In fact, Ailin has had things far worse, and they will be worse still before the film is out. Not long after the introduction, we learn that Lala’s father has been raping his young employee for who knows how long – and he even slimily attempts to make her feel like “part of the family” by insisting that she eat at the dinner table and sing for the family. When Lala finds out about the abuse, the escape plan takes on a very different tone.
The story skips back and forth in time until events align largely in the present – where we find Lala on the lamb and Ailin in prison for the murder of Lala’s father.

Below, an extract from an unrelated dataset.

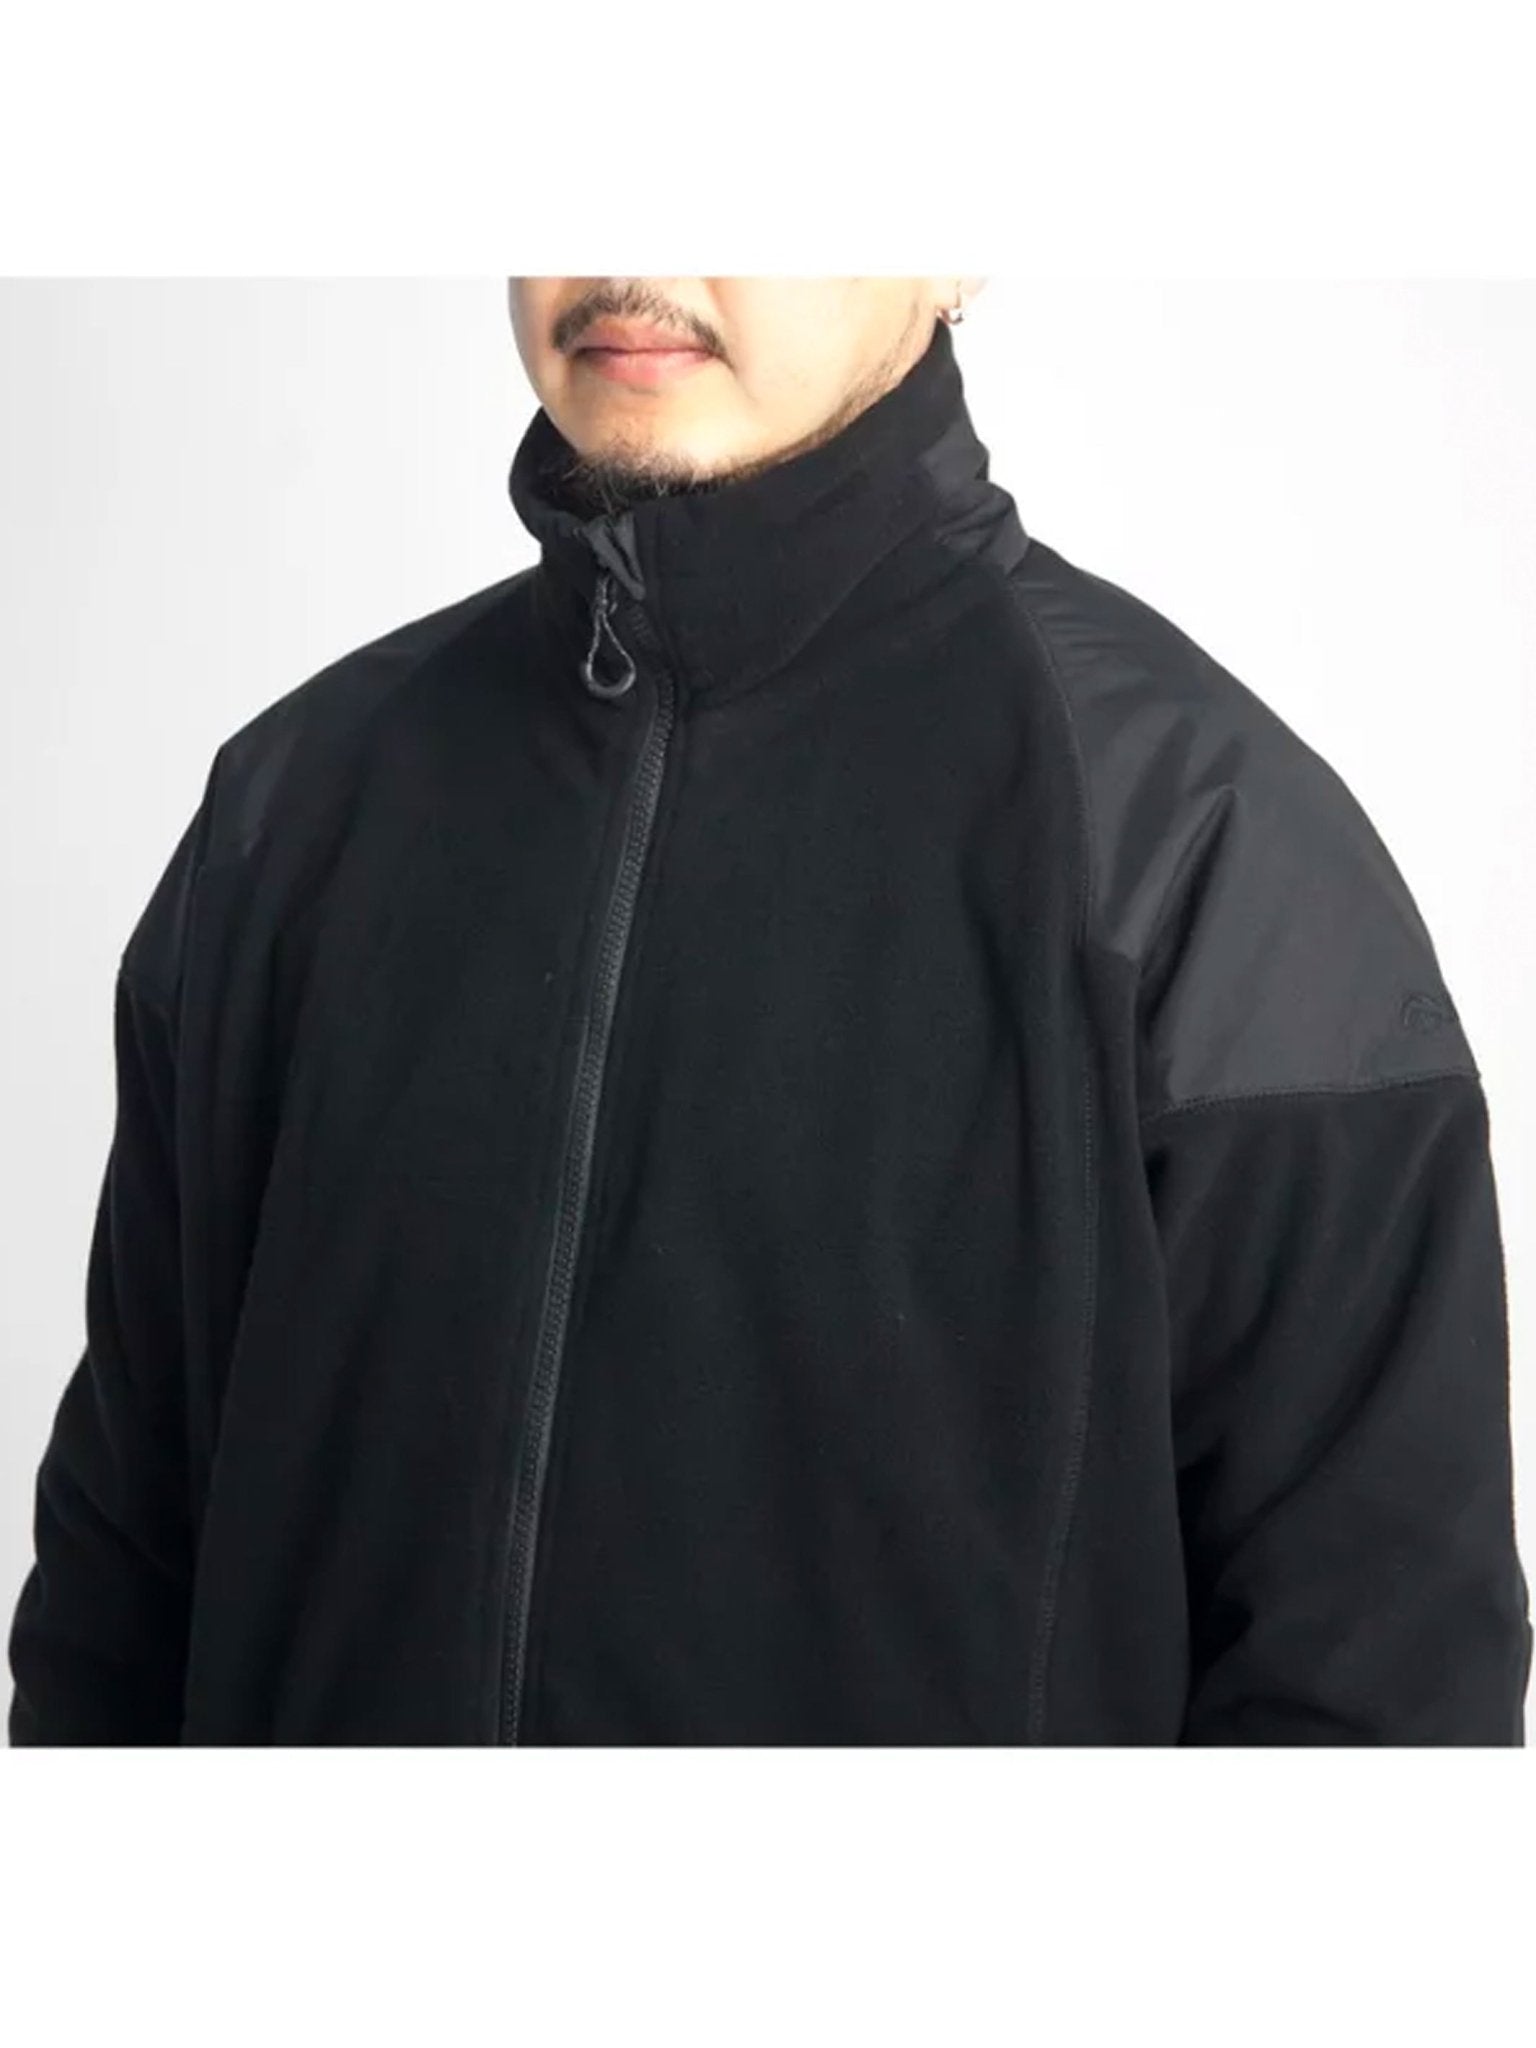 4elementsclothingKeelaKeela Outdoors - Keela Genesis Mens Waterproof Fleece Jacket, Windproof, breathable, reinforced elbows and shouldersOuterwear31630-100000-0-111

Who’s actually at fault comes into play later on, but the fact that Ailin is immediately blamed speaks volumes about her relative position in society.
Lala bums around Paraguay for a while, hanging out at Ailin’s old house with her girlfriend’s estranged father – an out of work TV star who hasn’t seen his daughter in close to ten years. When she finds out about the prison sentence, the film immediately shifts gears. There are guns, corrupt cops, and even a rescue mission in the cards, as Lala fully transforms from dreamy rich girl to woman on a mission – complete with a badass hair-chopping sequence and a hard-boiled change in attitude.
Running throughout the film – and giving meaning to the title – is a legend that Ainlin recites to Lala, about a “fish child” who lives in the water near her childhood home. At first, the tale is mysterious and evocative, prompting even a trippy underwater dream sequence for Lala’s down-and-out in Paraguay segment, but the true meaning of the story – and the absolutely crushing secret it hides – is far, far darker than we’re first led to believe.
The actresses carry the piece beautifully. Vitale gives Ailin – a young woman who’s suffered a lifetime of abuse – such vivaciousness that it’s impossible not to fall for her. Efron’s Lala is naïve at first, but her transformation into a brave, audacious badass is a wonder to behold, and her love for Ailin is almost palpable.
The chemistry between the leads is fantastic – despite all their difficulties, it’s easy to buy them as a couple. Whether they’re making out in Lala’s bedroom planning their runaway, reminiscing in the bath, or hitting the dance floor, the early scenes are youthful and fun, while later ones pack a heavy emotional punch.